I dragged myself up after my usual fashion, and was preparing to follow him, when Lady Atherley, directly he was gone, began:
"It is such a pity that clever people can never see things as others do. George always goes on in this way as if the ghost were of no consequence, but I always knew how it would be. Of course it is nice that George should come in for the place, as he might not have done if his uncle had married, and people said it would be delightful to live in such an old house, but there are a good many drawbacks, I can assure you. Sir Marmaduke lived abroad for years before he died, and everything has got into such a state. We have had to nearly refurnish the house; the bedrooms are not done yet. The servants' accommodation is very bad too, and there was no proper cooking-range in the kitchen. But the worst of all is the ghost. Directly I heard of it I knew we should have trouble with the servants; and we had not been here a month when our cook, who had lived with us for years, gave warning because the place was damp. At first she said it was the ghost, but when I told her not to talk such nonsense she said it was the damp. And then it is so awkward about visitors. What are we to do when the fishing season begins? I cannot get George to understand that some people have a great objection to anything of the kind, and are quite angry if you put them into a haunted room. And it is much worse than having only one haunted room, because we could make that into a bachelor's bedroom--I don't think they mind; or a linen cupboard, as they do at Wimbourne Castle; but this ghost seems to appear in all the rooms, and even in the halls and passages, so I cannot think what we are to do."
I said it was extraordinary, and I meant it.

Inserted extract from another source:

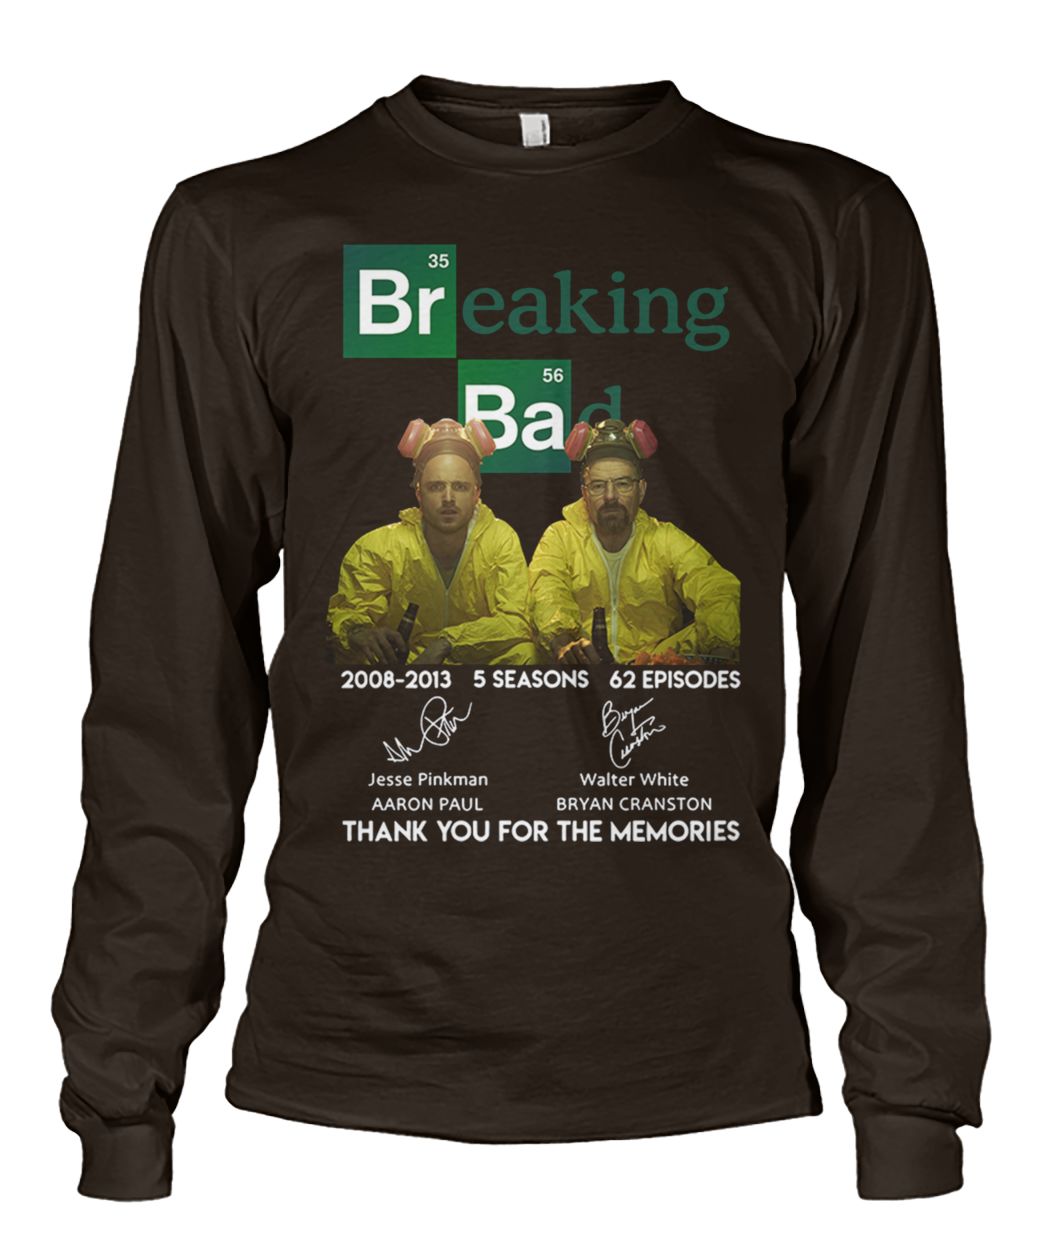 Br Ba Breaking bad 2008 2013 5 seasons 62 episodes thank you for memories signatures unisex long sleeve

That a ghost should venture into Atherley's neighbourhood was less amazing than that it should continue to exist in his wife's presence, so much more fatal than his eloquence to all but the tangible and the solid. Her orthodoxy is above suspicion, but after some hours of her society I am unable to contemplate any aspects of life save the comfortable and the uncomfortable: while the Universe itself appears to me only a gigantic apparatus especially designed to provide Lady Atherley and her class with cans of hot water at stated intervals, costly repasts elaborately served, and all other requisites of irreproachable civilisation.
But before I had time to say more, Atherley in his smoking-coat looked in to see if I was coming or not.
"Don't keep Mr. Lyndsay up late, George," said my kind hostess; "he looks so tired."
"You look dead beat," he said later on, in his own particular and untidy den, as he carefully stuffed the bowl of his pipe. "I think it would go better with you, old chap, if you did not hold yourself in quite so tight. I don't want you to rave or commit suicide in some untidy fashion, as the hero of a French novel does; but you are as well-behaved as a woman, without a woman's grand resources of hysterics and general unreasonableness all round. You always were a little too good for human nature's daily food. Your notions on some points are quite unwholesomely superfine. It would be a comfort to see you let out in some way. I wish you would have a real good fling for once."
"I should have to pay too dear for it afterwards. My superfine habits are not a matter of choice only, you must remember."